Furthermore, we can do just one change within "is_parallelization_preferred" or even, within the parallel policy traits. But I tend to "is_parallelization_preferred" and avoid the policy traits modification.

For example,

template <typename _ExecutionPolicy, typename... _IteratorTypes>
auto is_parallelization_preferred(_ExecutionPolicy&& __exec)
    -> decltype(lazy_and(__exec.__allow_parallel(), typename is_random_access_iterator<_IteratorTypes...>::type()))
{
#if __PSTL_PAR_BACKEND_SERIAL
    return std::false_type();
#else
    return internal::lazy_and(__exec.__allow_parallel(), typename is_random_access_iterator<_IteratorTypes...>::type());
#endif
}

Hi Louis,

Actually, there is a draft of Parallel STL back-end API documentation. Probably, not so detailed, but there is. I sent it Thomas several month ago. I've just sent you as well.
M.b. make sense to put one into the repo?
And of course , don't hesitate writing directly me about Parallel STL first to prevent wasting time for guessing)..

In essence. I think we don't need to write a special serial back-end if we want a serial execution by a parallel policy. According to PSTL design we can just additional compile time dispatching om "pattern of bricks" design level. It will do a re-direct to the serial patterns. See "is_parallelization_preferred".
Furthermore, we can do just one change within "is_parallelization_preferred" or even, within the parallel policy traits. But I tend to "is_parallelization_preferred" and avoid the policy traits modification.

For example,
[...]

Per today's discussion, there IS interest for having a serial backend from multiple vendors. I think we all agreed that this was worth implementing, now I have to figure out how to implement it properly.

I think we all agreed that this was worth implementing

Yes, we agreed. I'm ready to explain any details If you need.

ldionne marked 3 inline comments as done.Apr 9 2019, 10:32 AM

I think we all agreed that this was worth implementing

Yes, we agreed. I'm ready to explain any details If you need.

See questions in this review.

pstl/include/pstl/internal/parallel_backend_serial.h
86

So, I strongly suspect this implementation is incorrect. Can you draft what a correct serial implementation would be?

94

Is __nsort the number of elements that should be sorted in the resulting range? IOW, this is a partial sort where you want to get the n smallest elements of the whole range in sorted order.

It's not clear to me how to achieve this without a __leaf_sort that itself accepts a n to only partially sort the first n elements. I mean, I could probably find a way to do it iteratively by sorting a bit more every time, but what I really want is to just call std::partial_sort. And actually, while we're at it, calling std::partial_sort isn't enough, since this sort needs to be stable. But we don't have a std::stable_partial_sort.

106

Note that the obvious implementation doesn't work:

std::merge(__first1, __last1, __first2, __last2, __out, __comp);

because it requires the elements to be copyable, but pstl apparently expects the merge to only move elements around without copying them.

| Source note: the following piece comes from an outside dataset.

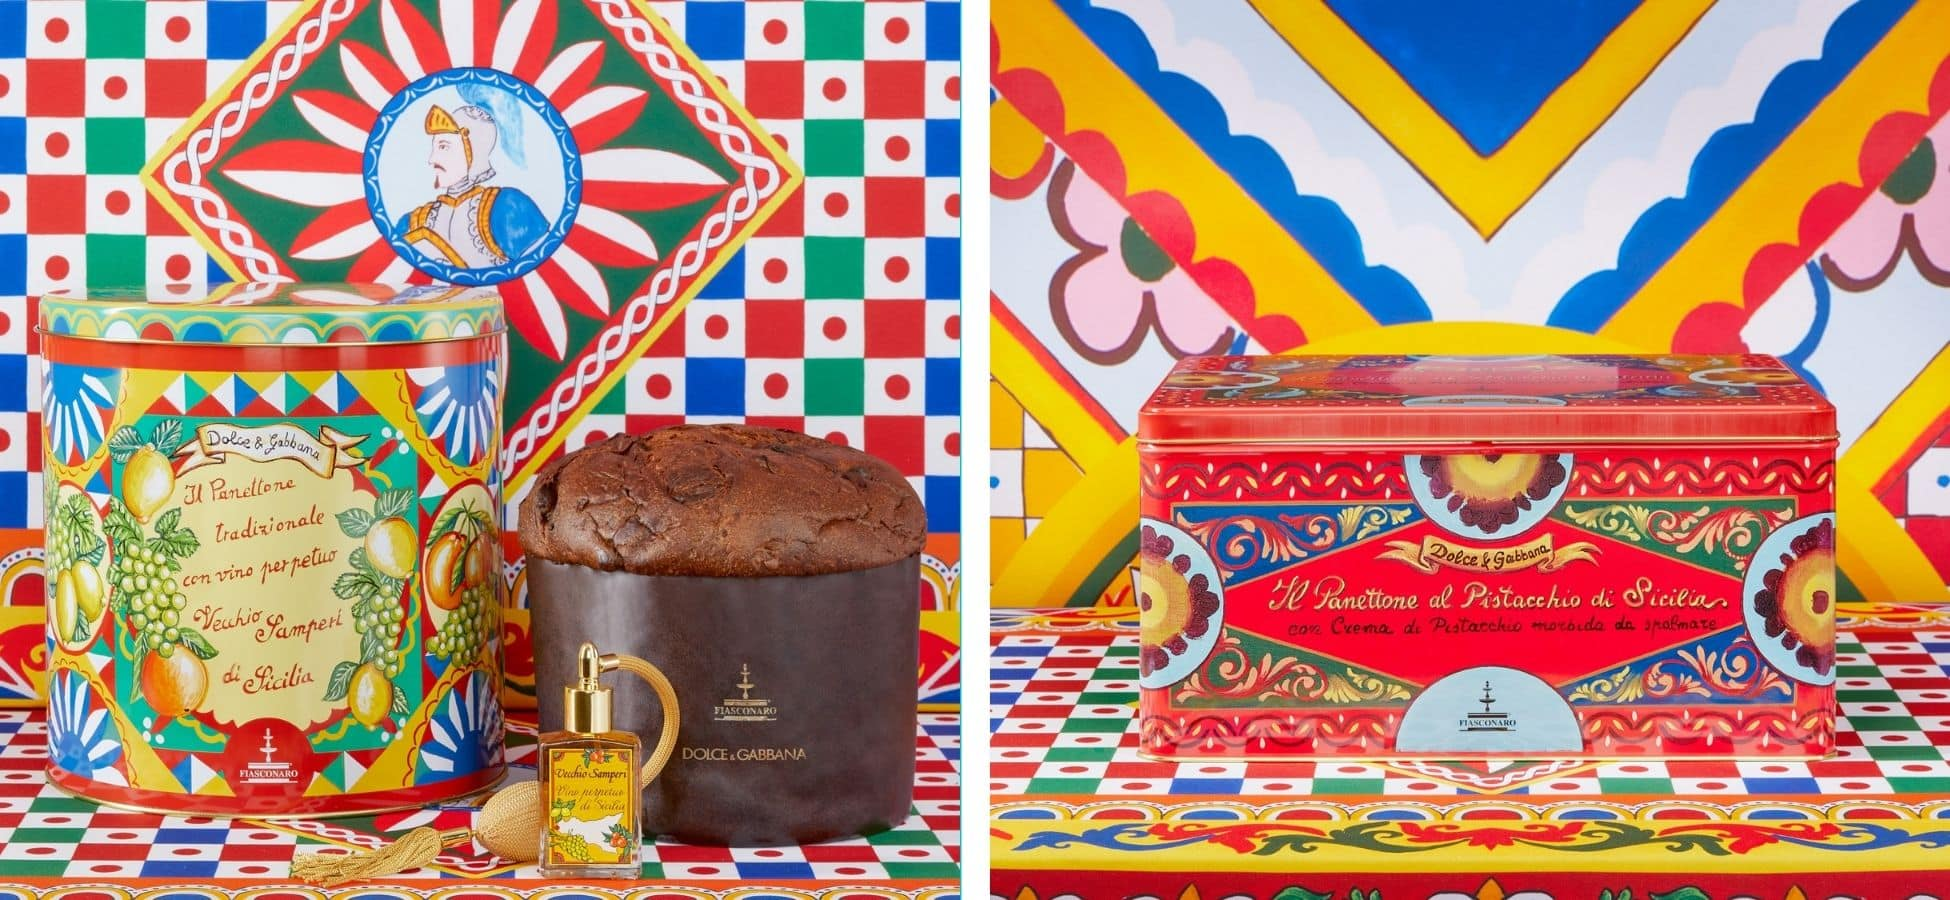 Gamme de panettones Dolce & Gabbana

MikeDvorskiy added inline comments.Apr 10 2019, 4:38 AM
pstl/include/pstl/internal/parallel_backend_serial.h
94

Actually, leaf_sort is not only std::sort or std::partial_sort.
leaf_sort (as lambda) has already captured information about "sort" or "partial sort" - "__n" variable.
See, the code of the passed lambda into parallel_stable_sort:

[__n](_RandomAccessIterator __begin, _RandomAccessIterator __end, _Compare __comp) {
                if (__n < __end - __begin)
                    std::partial_sort(__begin, __begin + __n, __end, __comp);
                else
                    std::sort(__begin, __end, __comp);
            },

So, in case of serial case here you don't use __nsort parameter, due to you the special lambda which takes into account "sort" or "partial sort" logic.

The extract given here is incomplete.